*Problem to work on*.
Make an exact copy of the whole listing, but leave its pictures out.

**** Available data

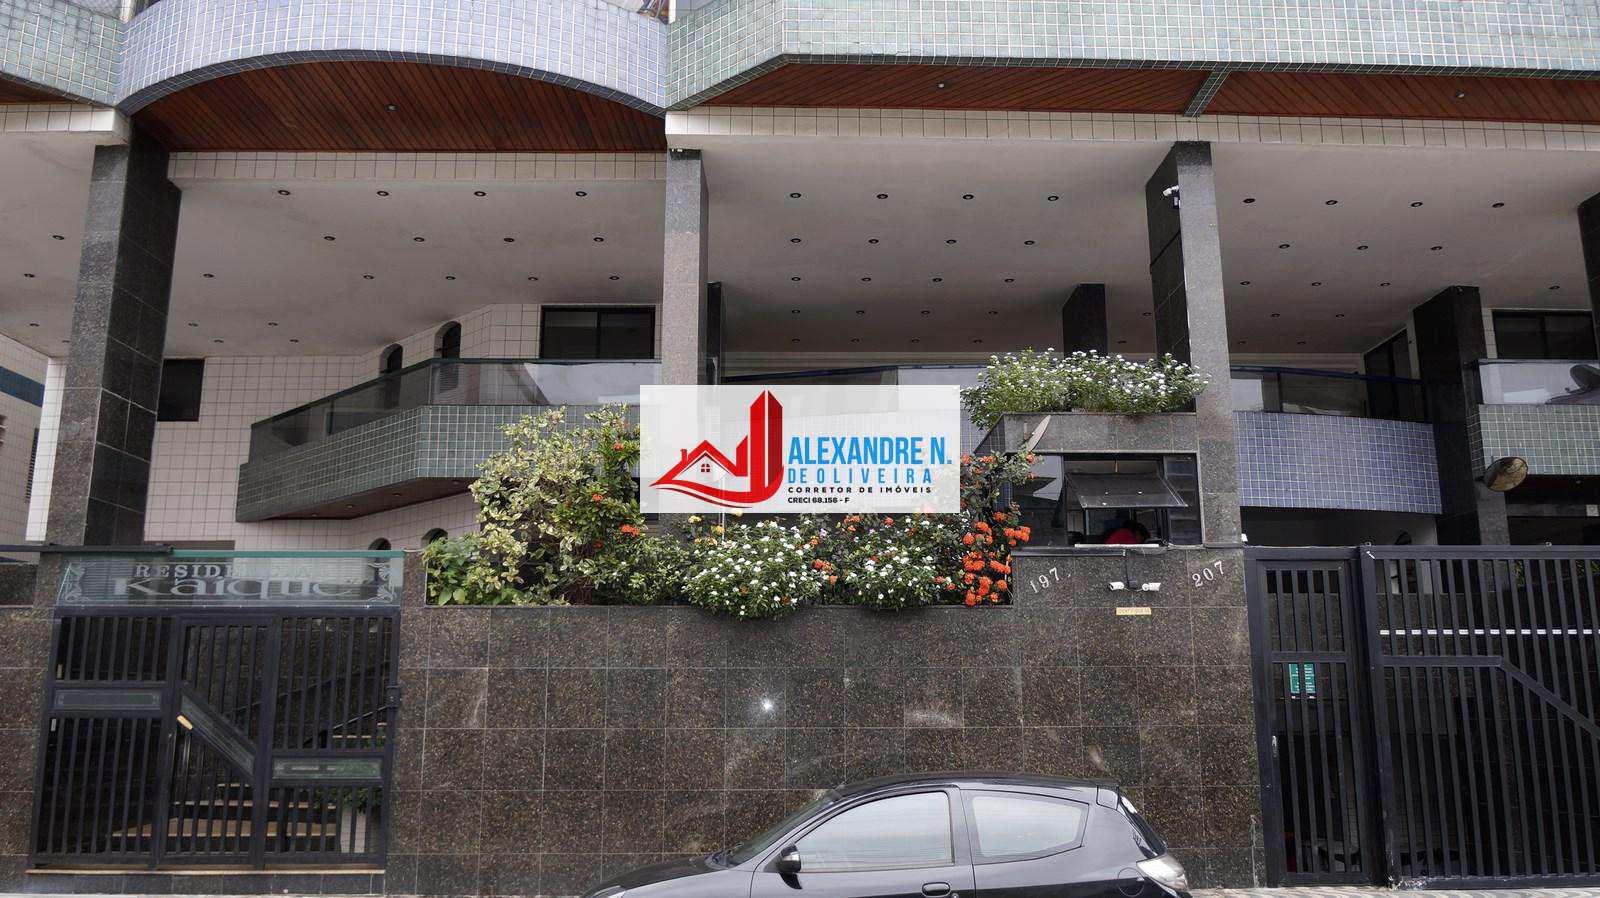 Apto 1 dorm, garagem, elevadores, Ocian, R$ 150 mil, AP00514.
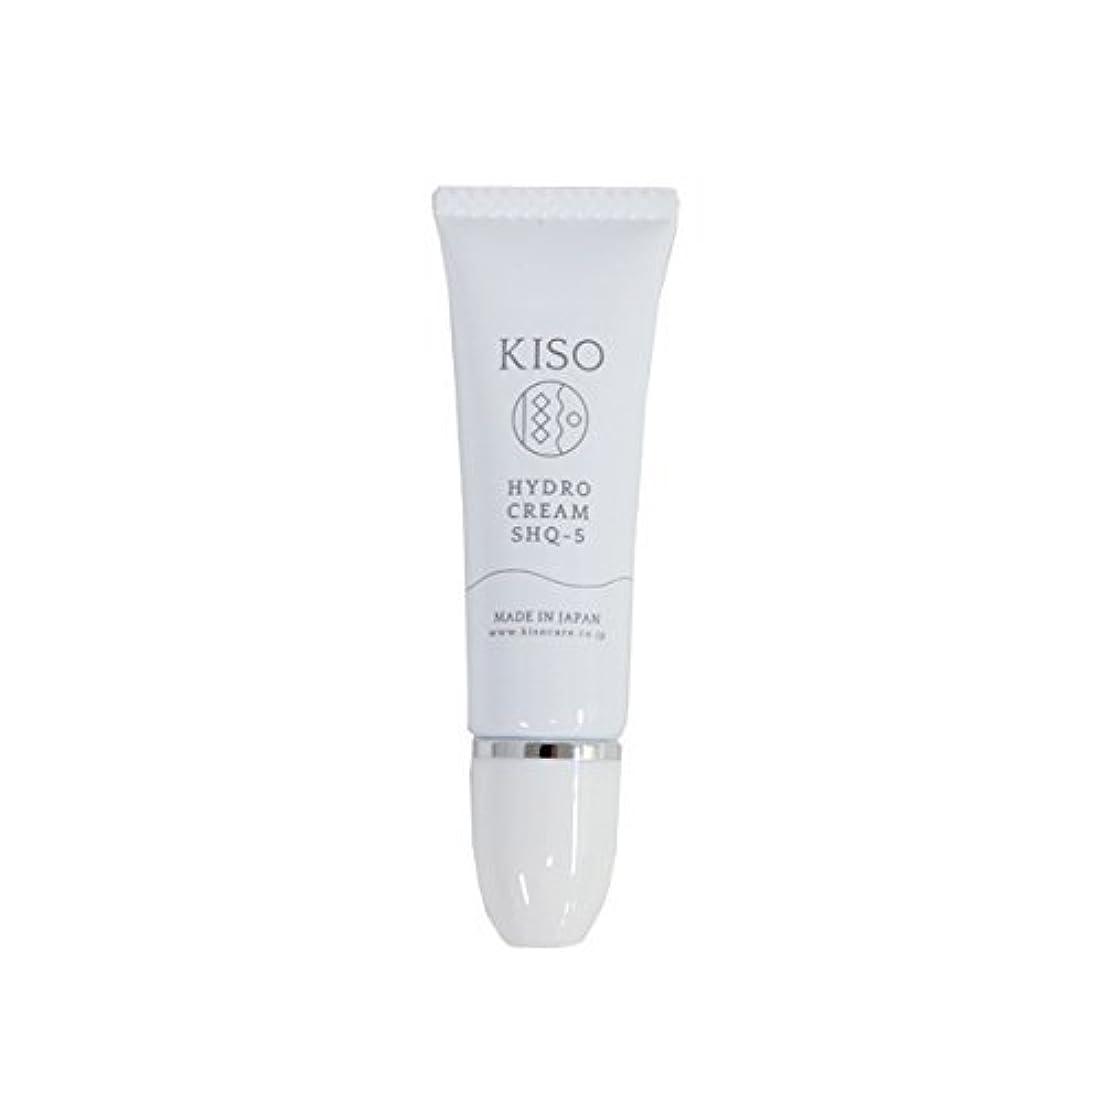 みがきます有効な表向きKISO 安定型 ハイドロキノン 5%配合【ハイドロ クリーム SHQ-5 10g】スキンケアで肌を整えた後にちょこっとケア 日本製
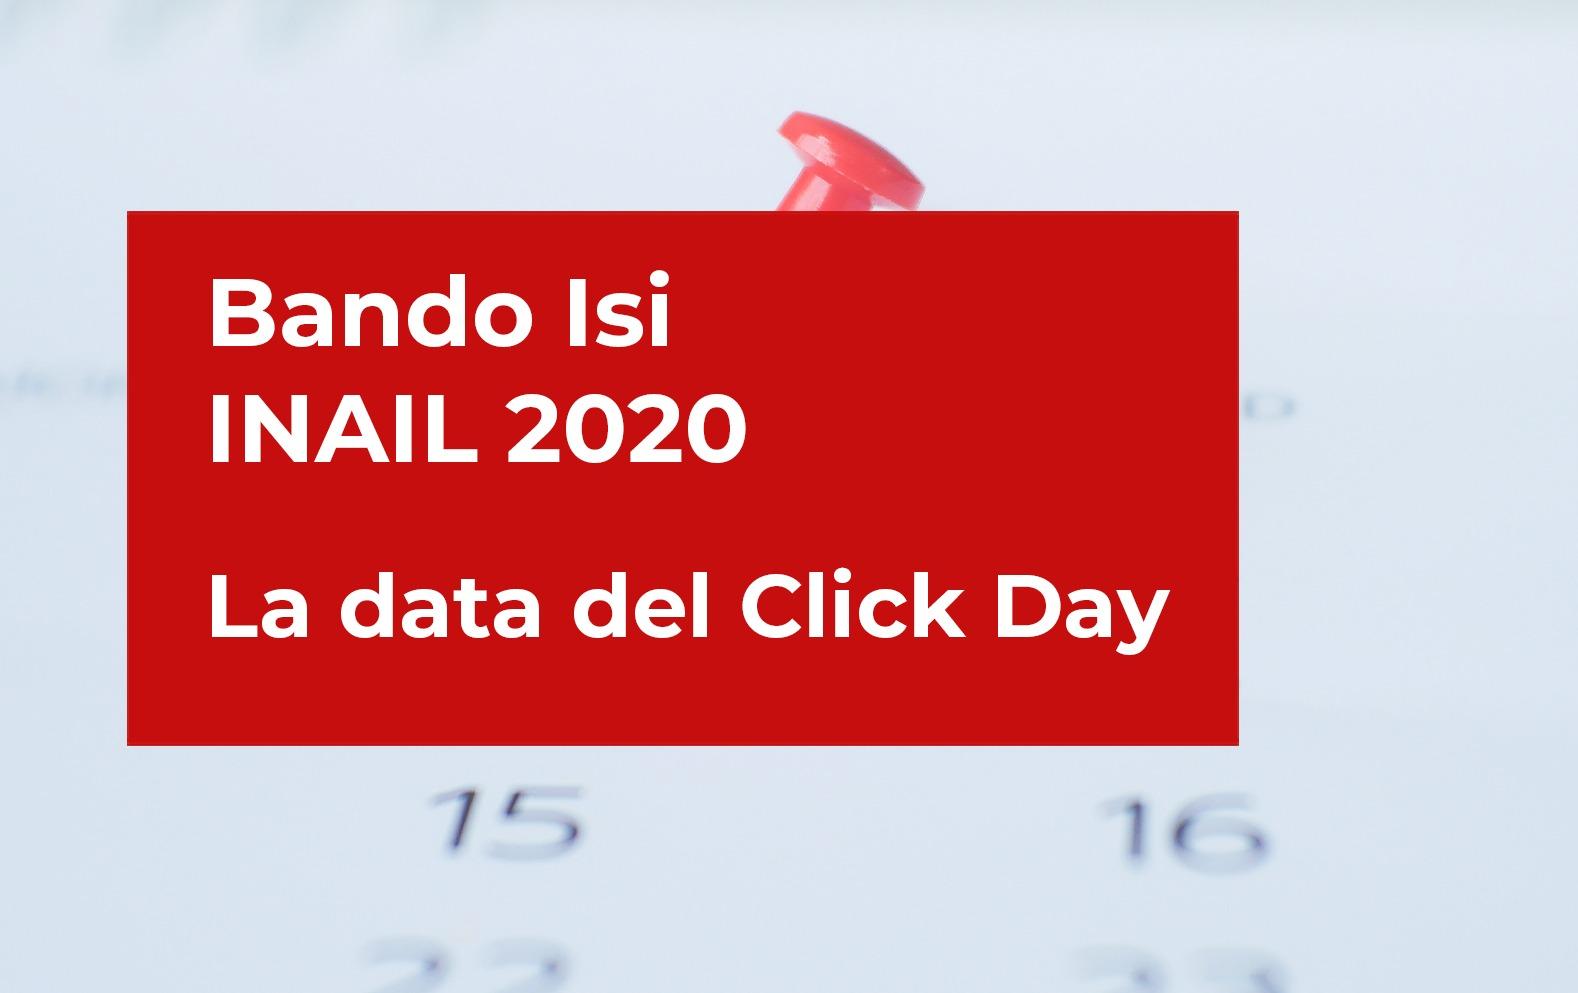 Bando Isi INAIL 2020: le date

********

*Output below*.
 Apto 1 dorm, garagem, elevadores, Ocian, R$ 150 mil, AP00514.
 みがきます有効な表向きKISO 安定型 ハイドロキノン 5%配合【ハイドロ クリーム SHQ-5 10g】スキンケアで肌を整えた後にちょこっとケア 日本製
 Bando Isi INAIL 2020: le date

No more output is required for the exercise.